Не мог же он знать, что я уже не та, что вместе со смертью дочери во мне умерло и желание, и умение играть на сцене. Но в лагере не выбирают. Пришел наряд — и ступай, куда ведут. С пустым деревянным чемоданом в руках, в кирзовых сапогах на босу ногу и в старом бушлате пошагала я в августе 1944 года на вокзал, так же равнодушно, как ходила в поле или на лесоповал. В театре Гавронского ко мне так и не вернулись ни любовь к сцене, ни способности к актерской игре. Добрый старик порой вызывал меня к себе — частично для того, чтобы развлечь, а больше ради того, чтобы было перед кем самому послушать свои мысли вслух (он писал какой-то труд). Произносил длинные монологи, читал получасовые лекции, которые текли мимо моего сознания. (Зачем была нужна вся философия мира, если не было у меня больше Лели?).
А он, дымя самокруткой, все говорил и говорил, пока мне не начинало казаться, что я вишу вниз головой где-то под потолком, а пол колышется далеко внизу. Роли мне давали совсем не подходящие к моему тогдашнему состоянию: каких-то очень положительных, очень жизнерадостных, очень голубых дамочек, благоденствующих офицерских жен в кудряшках. Вот если бы мне дали роль бабы, впрягшейся в плуг вместо лошади! Но таких ролей не было. И пьес таких тоже. Действительность лакировалась даже в 44-м году, когда города лежали в руинах, люди жили в землянках, а колхозницы тащили на себе плуг. Быт «крепостных» актеров резко отличался от быта остальных заключенных. Питание было намного лучше. Во время гастролей, тянувшихся по десять месяцев, было и вовсе хорошо.
Мы свой паек получали на руки в сухом виде. Это значит, что положенная норма доходила до наших желудков почти полностью. Во время гастролей нас в некоторых местах угощали или прикрепляли к столовым. Страшно было возвращаться к грязи и вшам общих бараков, к похлебке из крапивы и иван-чая, к непосильной работе и вечному унижению.

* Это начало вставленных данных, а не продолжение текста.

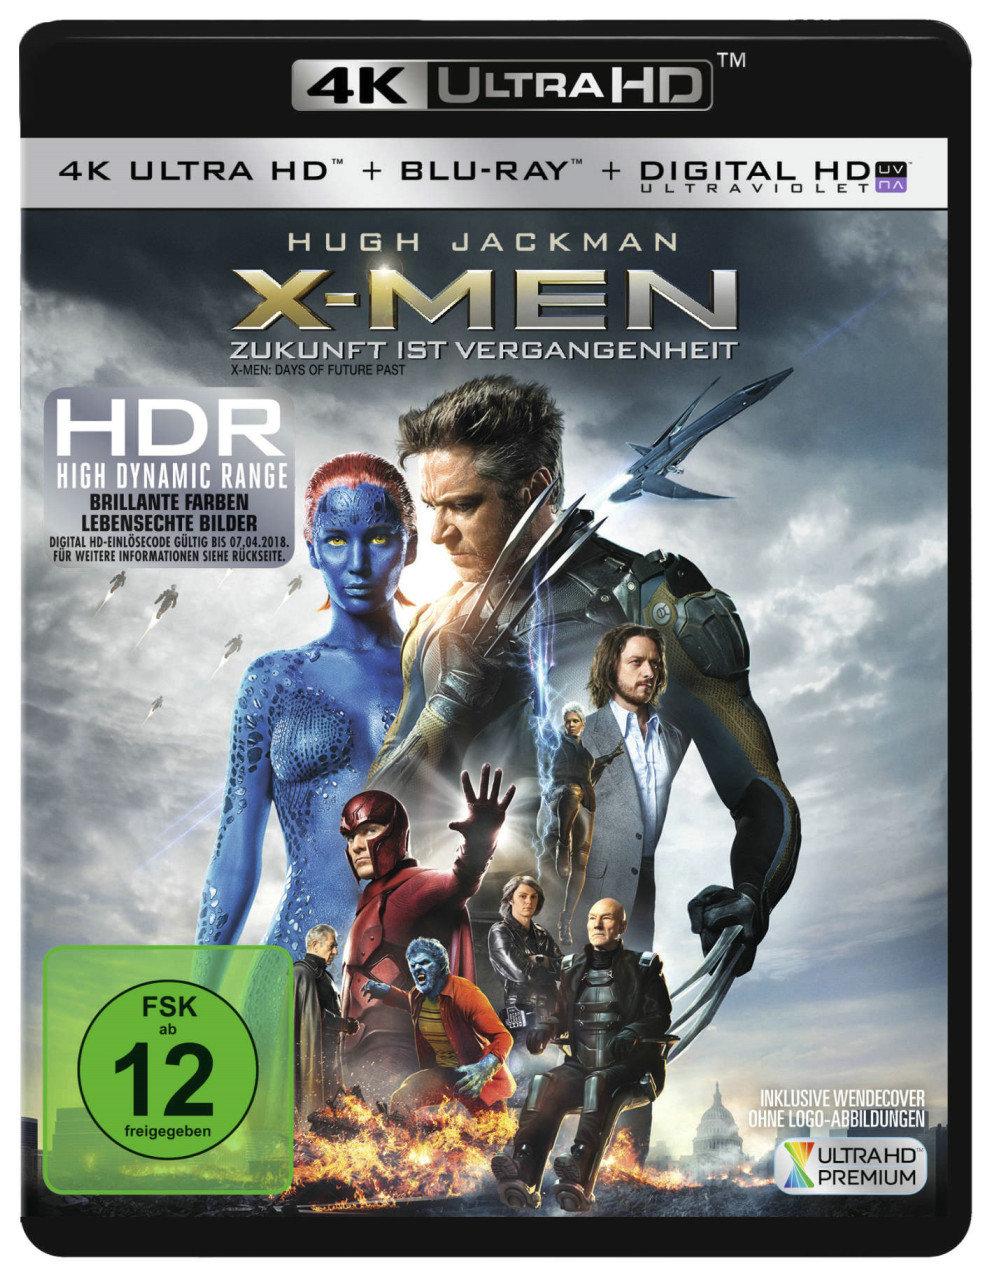 X-Men: Zukunft ist Vergangenheit 4K (2014) - (4K Ultra HD & Blu-ray)

А я знала, что этим все кончится. Я не чувствовала своих ролей и играла, как попугай. Во всяком случае, я твердо знала, что для коллектива не гожусь, что и себе самой я совершенно не нужна. Что после гастролей буду отчислена и что тянуть лямку 15-летней каторги я больше не в состоянии.
По возвращении с гастролей я сделала попытку к самоубийству. Воспоминание о ней до сих пор заставляет меня краснеть от стыда. У театрального администратора я стащила кучу снотворных таблеток и, когда из общежития все ушли на какой-то концерт, проглотила их все до одной. Но, не имея собственной спальни, умереть трудно. Один мой старый друг забыл где-то книгу. Решив, что она у меня, он вместе со своей женой зашел в общежитие и стал меня будить. Заметив что-то подозрительное в моем необычно крепком сне, они подняли тревогу. Хочу немного отступить, чтобы рассказать об этом друге.

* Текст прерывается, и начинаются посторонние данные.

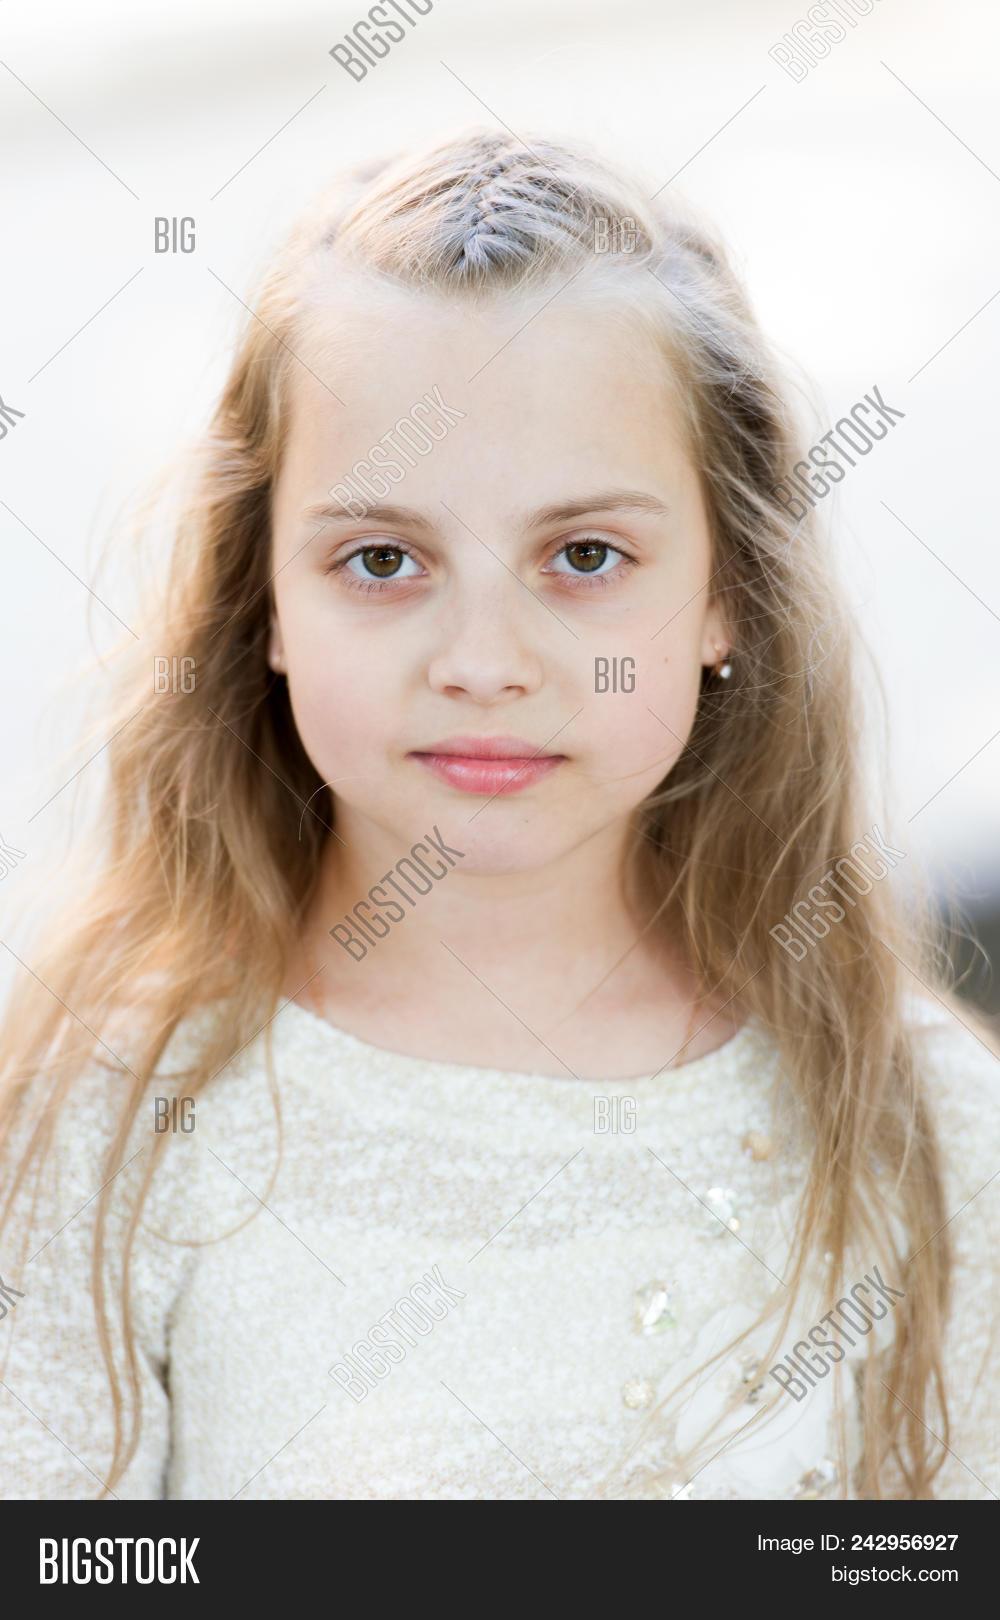 Girl Long Hair On Calm Image Photo Free Trial Bigstock

За несколько лет до Княж-Погоста я на одном лагпункте работала на кухне. Однажды прибыл новый этап, состоявший из одной интеллигенции: ученых, преподавателей, работников печати... Старостой этапа был худенький человек невысокого роста, с такой чистой, обаятельной и ласковой улыбкой, что, когда он с ведром приходил на кухню за обедом для себя и своих товарищей, мне всегда хотелось сделать для него что-нибудь хорошее, и я старалась наполнить его котелок пополнее и погуще. Он сразу организовал самодеятельность, куда вовлек и меня. Потом мы в одной бригаде работали на трассе, и он был единственным мужчиной в лагере, общение с которым заставило меня поверить в возможность чистой дружбы между мужчиной и женщиной.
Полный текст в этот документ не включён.